5. PROCEDIMENTO
5.1. Preparazione dell'insaponificabile.
5.1.1. Nel matraccio da 250 ml si introduce, impiegano
la microsiringa da 500 µl, un volume di soluzione di a -colestanolo allo
0,2 % in cloroformio (4.17.) che contenga una quantità di a -colestanolo
corrispondente a circa il 10 % del contenuto di steroli nell'aliquota di
campione da prelevare per la determinazione. Ad esempio per 5 g di campione
si aggiungano 500 µl della soluzione di a-colestanolo allo 0,2 % se trattasi
di un olio di oliva e 1 500 µl se trattasi di oli di semi o olio di sansa
di oliva.

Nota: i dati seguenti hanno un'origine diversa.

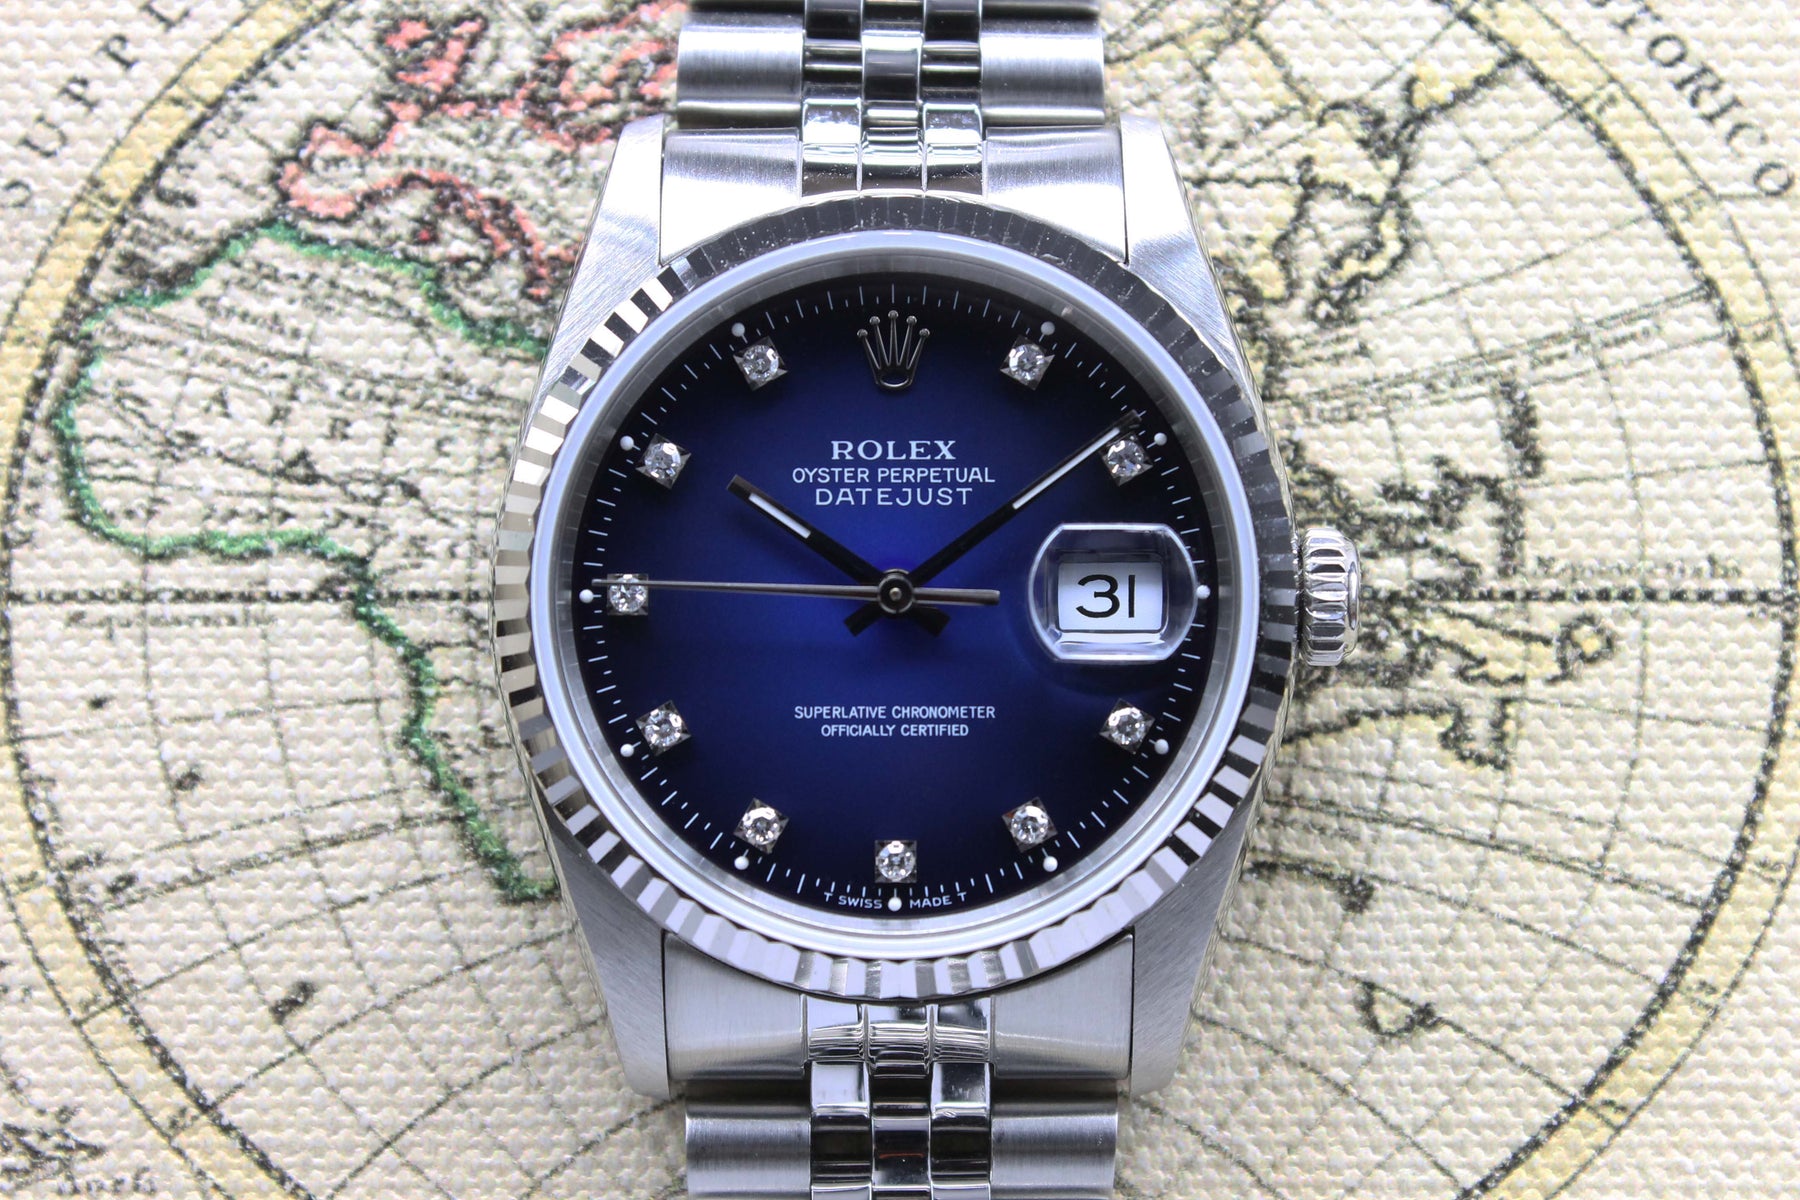 1991 Rolex Datejust Blue Vignette Diamond Dial Ref. 16234

Si evapora in corrente di azoto fino a secchezza, quindi nello
stesso matraccio si pesano esattamente 5 g di campione secco e filtrato.
In caso di oli e grassi animali o vegetali contenenti quantità notevoli
di colesterolo può essere presente un picco avente tempo di ritenzione identico
al colestanolo. In tali casi occorre analizzare la frazione sterolica in
doppio con e senza standard interno.
5.1.2. Si aggiungono 50 ml di soluzione etanolica di idrossido
di potassio 2 N, si applica il refrigerante a ricadere e si scalda a leggera
ebollizione su bagnomaria sotto continua energica agitazione, fino a saponificazione
avvenuta (la soluzione diviene limpida). Si continua il riscaldamento ancora
per 20 minuti, quindi si aggiungono 50 ml di acqua distillata facendoli
scendere dall'alto del refrigerante, si stacca il refrigerante e si raffredda
il matraccio a circa 30°C.
5.1.3. Si travasa il contenuto del matraccio quantitativamente,
in un imbuto separatore da 500 ml, aiutandosi con acqua distillata, a più
riprese, impiegandone complessivamente circa 50 ml. Si aggiungono circa
80 ml di etere etilico, si agita energicamente per circa 30 secondi e si
lascia stratificare (nota 1). Si separa la fase acquosa sottostante raccogliendola
in un secondo imbuto separatore. Sulla fase acquosa si effettuano ancora
due estrazioni, con le stesse modalità, impiegando ogni volta 60-70 ml di
etere etilico.
Nota 1 - Eventuali emulsioni possono essere eliminate aggiungendo, mediante
spruzzetta, piccole quantità di alcool etilico o metilico.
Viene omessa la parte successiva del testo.